> _DATASET EXTRACT_:
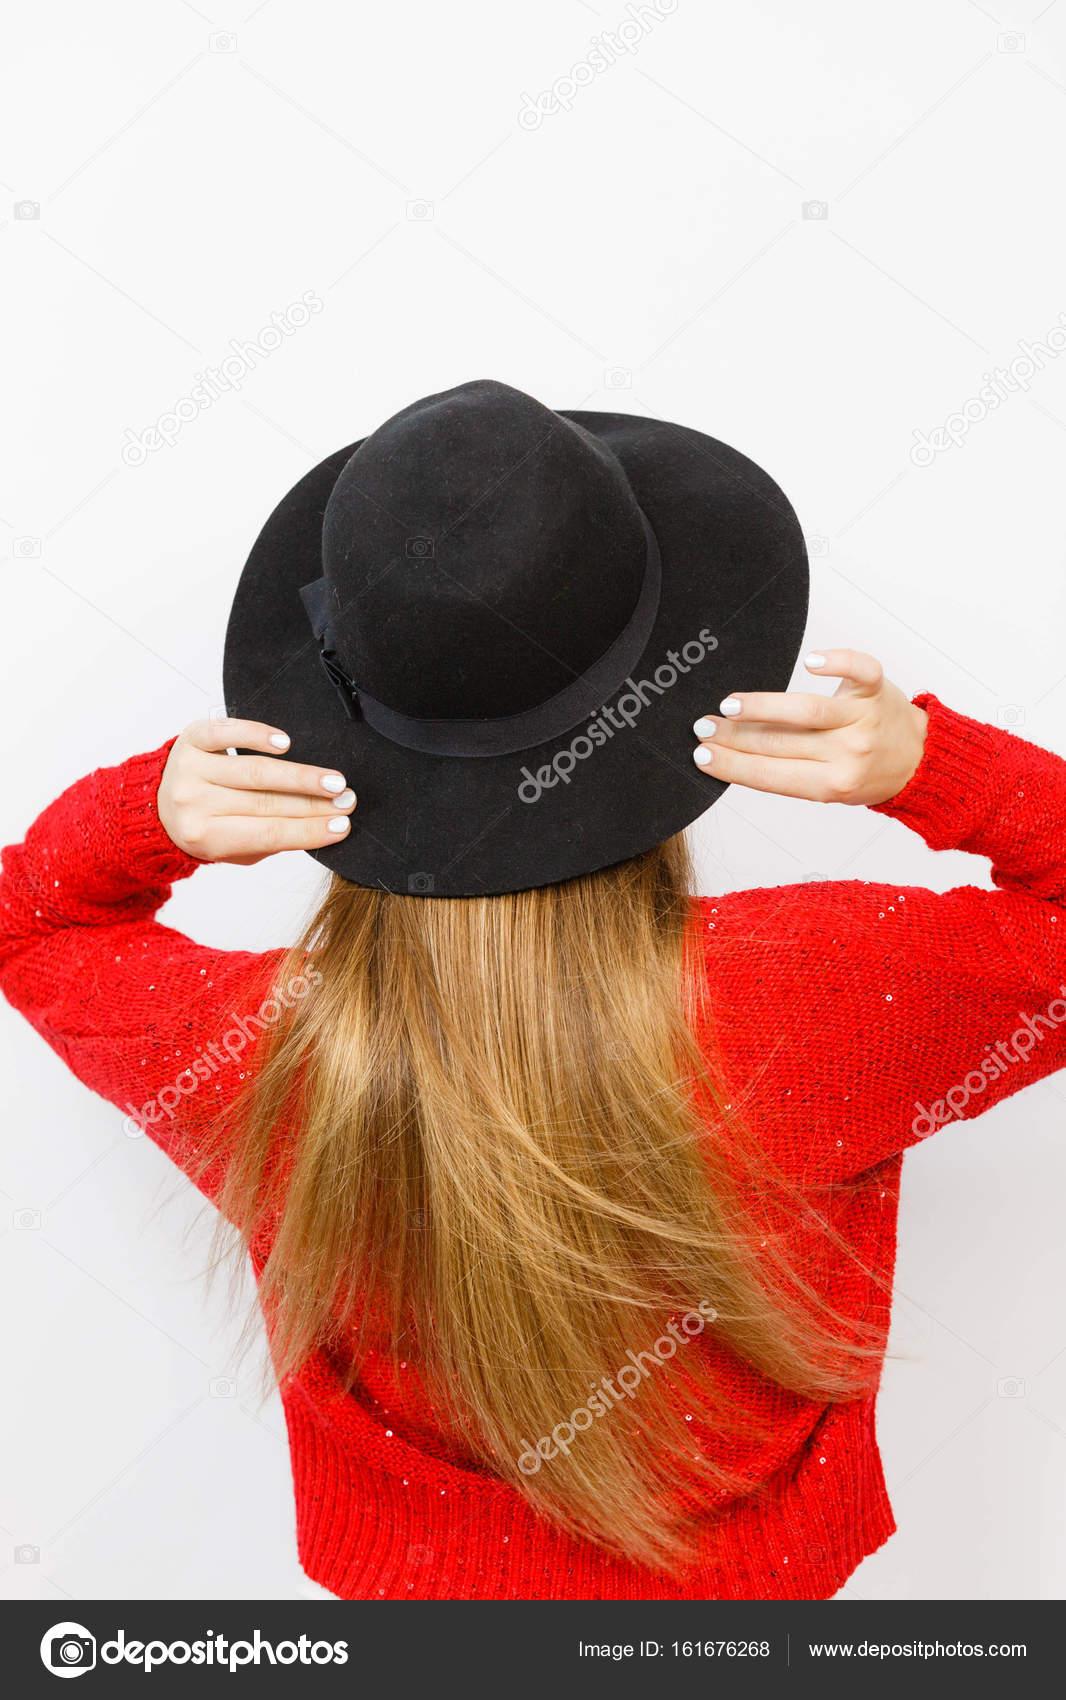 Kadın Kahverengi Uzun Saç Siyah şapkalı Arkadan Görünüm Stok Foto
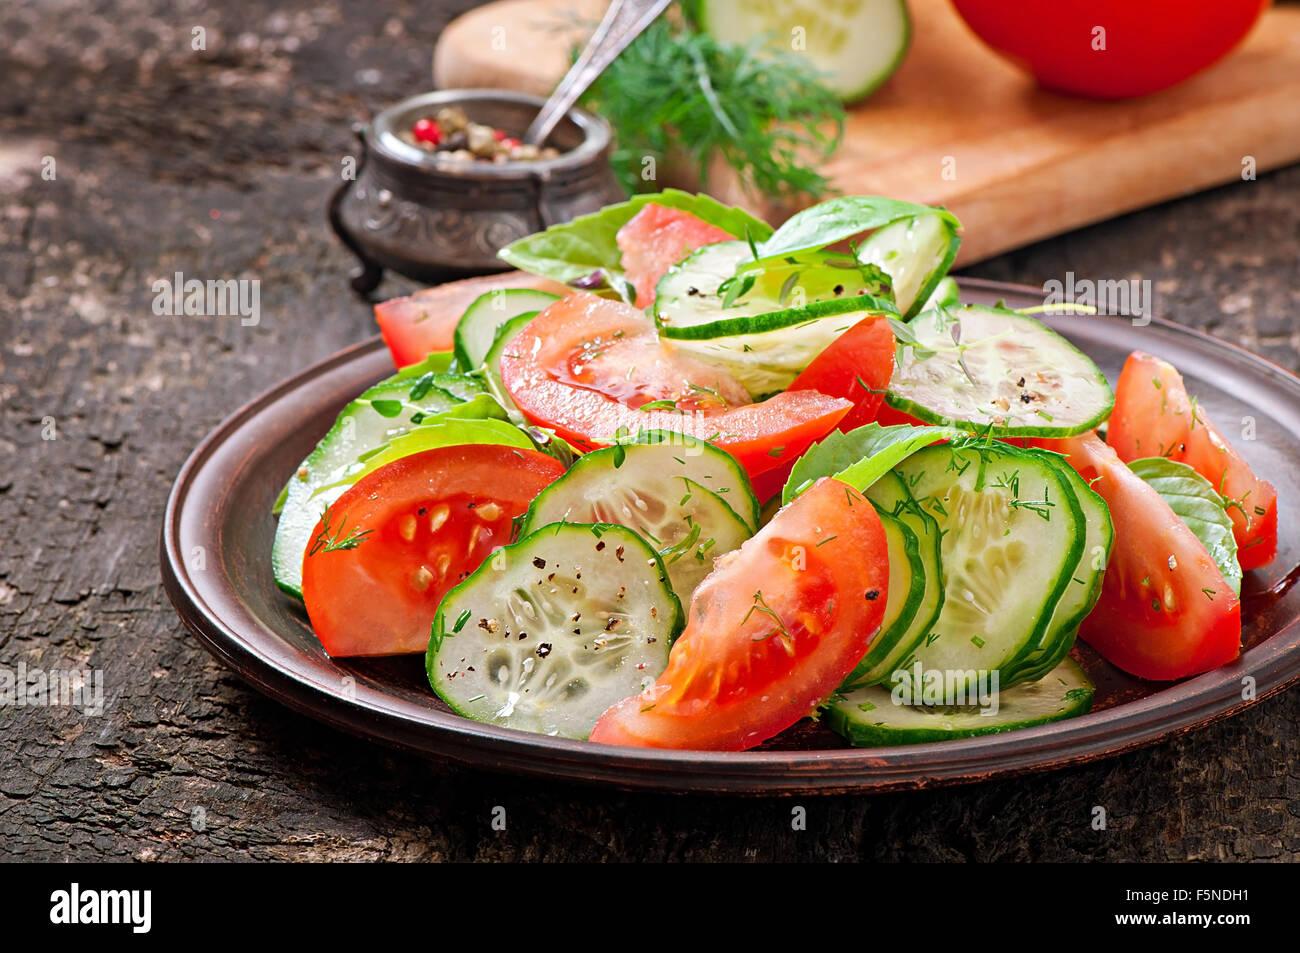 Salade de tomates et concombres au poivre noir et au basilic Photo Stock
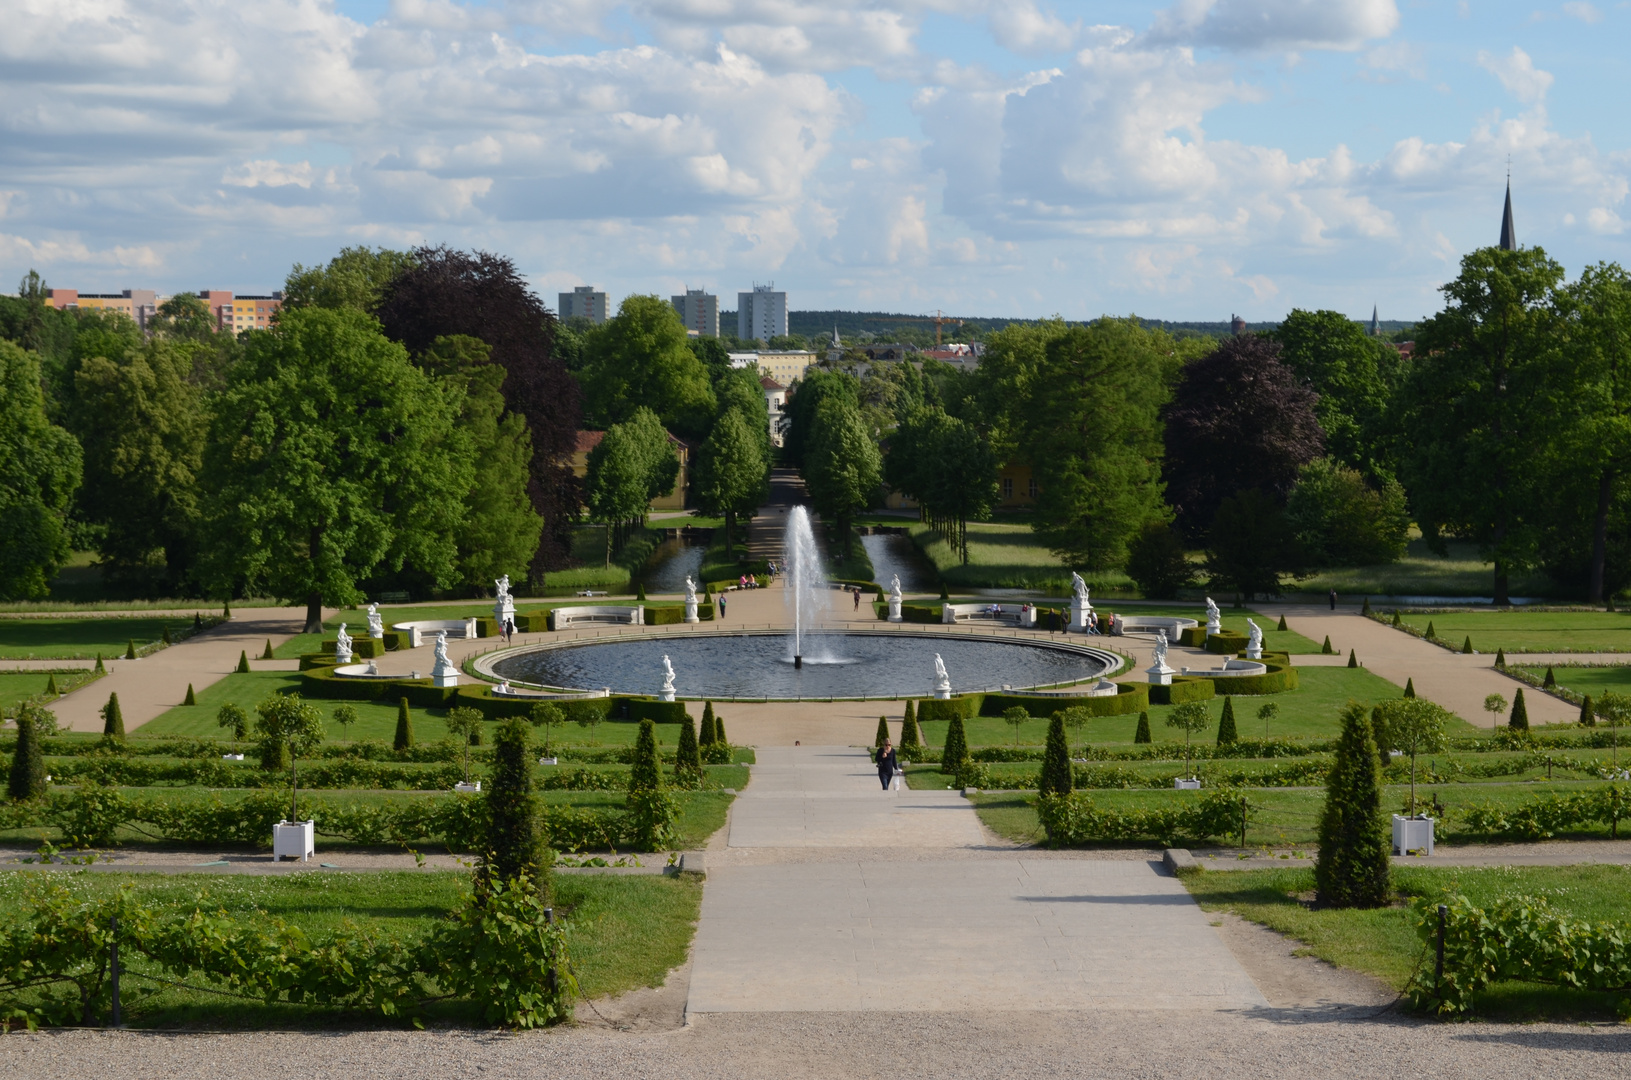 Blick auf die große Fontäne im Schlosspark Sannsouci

> _EXERCISE BRIEF_:
Repeat the full listing above exactly, with no pictures in the copy.

> _WRITTEN RESPONSE_:
 Kadın Kahverengi Uzun Saç Siyah şapkalı Arkadan Görünüm Stok Foto
 Salade de tomates et concombres au poivre noir et au basilic Photo Stock
 Blick auf die große Fontäne im Schlosspark Sannsouci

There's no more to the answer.